Detecting depression and anxiety in a patient with epilepsy and starting timely treatment is extremely important. It requires a team approach between the epileptologists and mental health professionals. Once the diagnosis is made, psychotherapeutic interventions can be very useful in treating the symptoms and in helping the patient and their family to cope better with other aspects of seizures and epilepsy. Furthermore, psychological treatment can have a positive and limited effect on seizures since it targets emotional distress which can be a seizure trigger. Research has shown that managing stress and learning effective coping strategies can have a positive effect on seizure frequency and other health related behaviors.

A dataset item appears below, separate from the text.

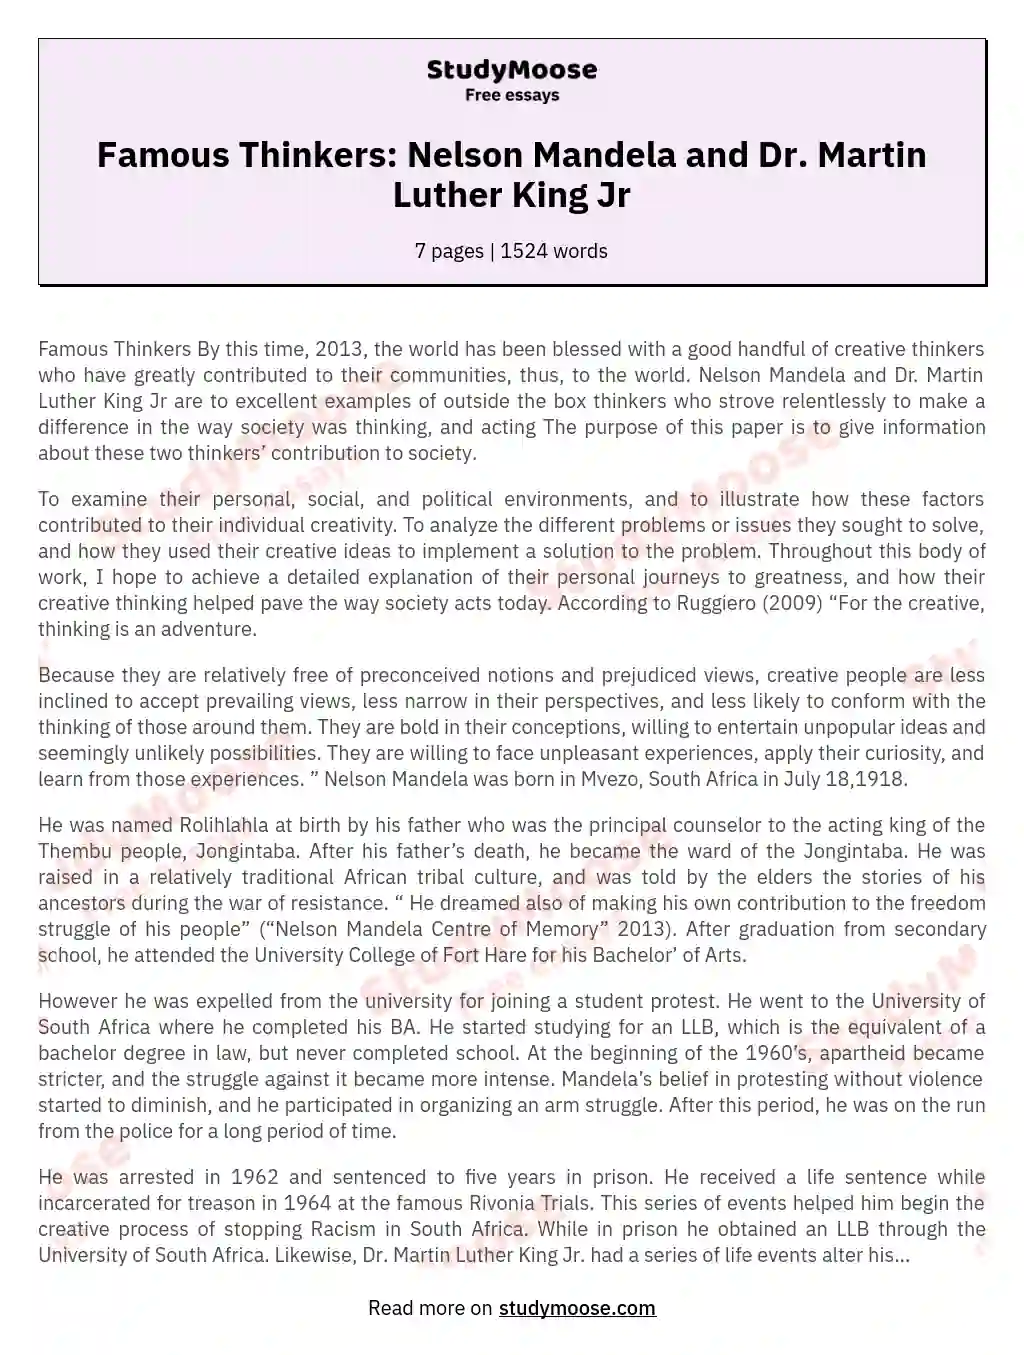 nelson mandela and martin luther king essay

Psychotherapy can be supportive in nature, helping the person strengthen healthy coping mechanisms already in use by the person. It also provides a safe environment where the patient can process his/her reaction to the illness and any secondary changes in his/her life. Additionally, psychotherapy can also teach anxiety reduction and symptom and anger management techniques which can have an important impact on emotional health, as well as personal and professional relationships. Psychological treatment also focuses on wellness with the aim of improving sleep hygiene, diet, exercise, and other aspects of a person’s self-care. Psychological treatment in our programs can be provided in either individual or a group setting and may include cognitive behavioral, mindfulness-based, psychoeducational, and trauma-focused modalities.
Psychogenic non-epileptic seizures (also known as dissociative or functional seizures) are events that resemble epileptic seizures but are provoked by emotional or physical dysregulation and chronic stress rather than abnormal (epileptiform) brain activity. Treatment for psychogenic non-epileptic seizures (PNES) is a team effort by the epileptologist, clinical psychologist, neuropsychologist, and psychiatrist (if needed).

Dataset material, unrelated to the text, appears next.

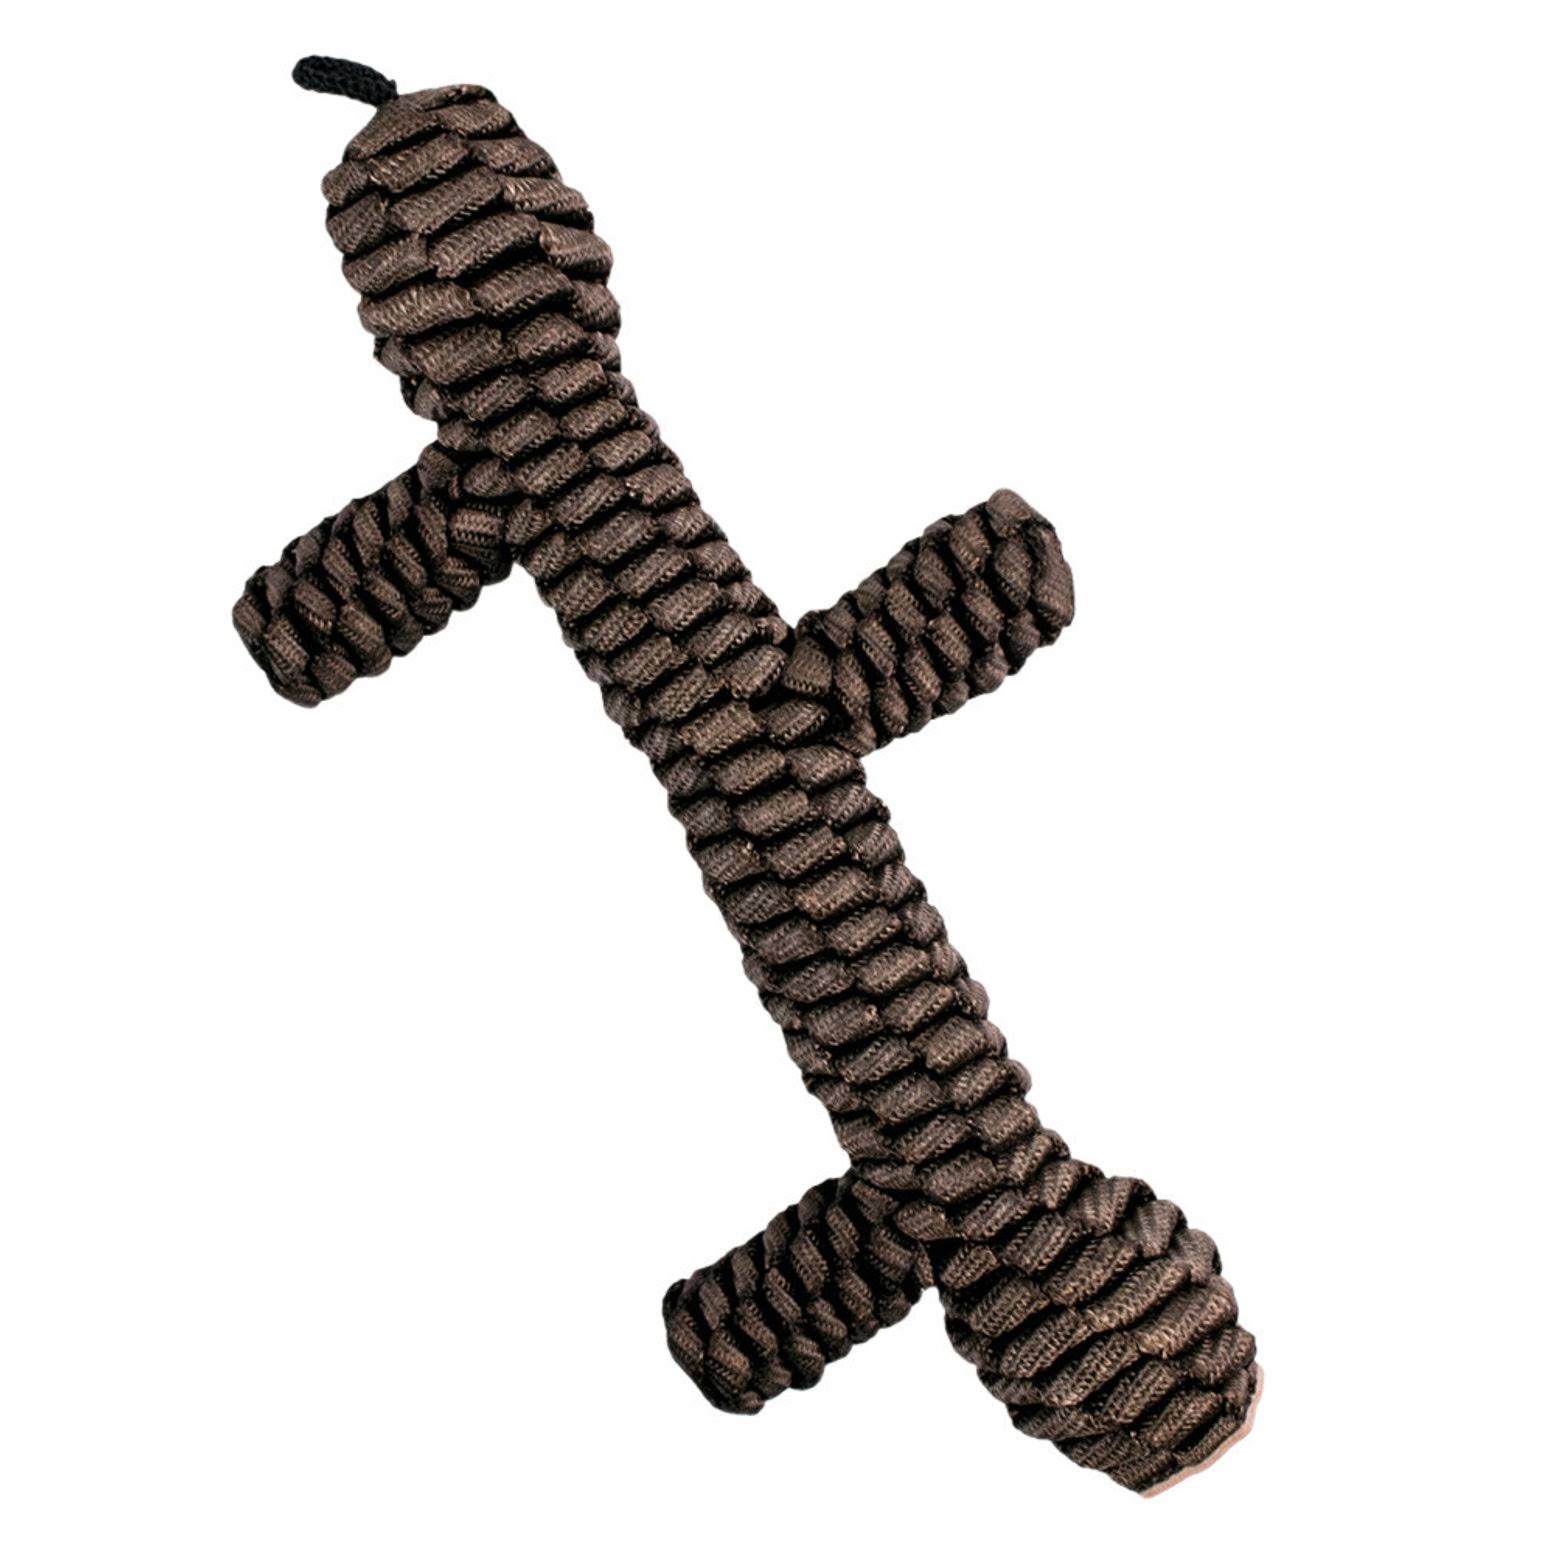 Tall Tails Braided Stick Dog Toy, Brown, 9-in

NEREG’s clinicians have a unique and specialized diagnostic and treatment approach for this condition. Once the diagnosis has been made by the epileptologist following VEEG and other testing procedures, a referral is made for a comprehensive neuropsychological assessment that begins with a clinical interview (questions are asked about current and past history, including social, educational, psychological, and medical background). This is followed by a comprehensive neuropsychological assessment that includes a special battery of tests to assess memory, language, attention, and general thinking as well as key emotional factors and personality. With these results, the patient meets with the program director to go over the testing and to make a decision regarding possible treatment options and, if needed, a referral to psychiatry for medication evaluation.

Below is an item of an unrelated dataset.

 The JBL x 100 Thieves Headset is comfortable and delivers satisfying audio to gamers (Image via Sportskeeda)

Once it is determined that our program is appropriate for the patient, individual and/or group (12 sessions) psychotherapy can begin. Treatment often targets trauma symptoms, depressive worldviews, anxiety, and problems with anger and stress management. Treatment can be trauma-focused (e.g., prolonged exposure), eclectic (mindfulness-based, CBT, hypnotherapy), or psychoeducational and skills-based. The latter is supportive, but also teaches the patient skills and techniques to learn to reduce or eliminate the non-epileptic events, attain a healthier and adaptive way of functioning, and better stress coping methods. All patients who complete the therapy program are invited to a monthly virtual support group that runs September through June every year. Our PNES program also offers virtual education sessions throughout the year and a yearly conference.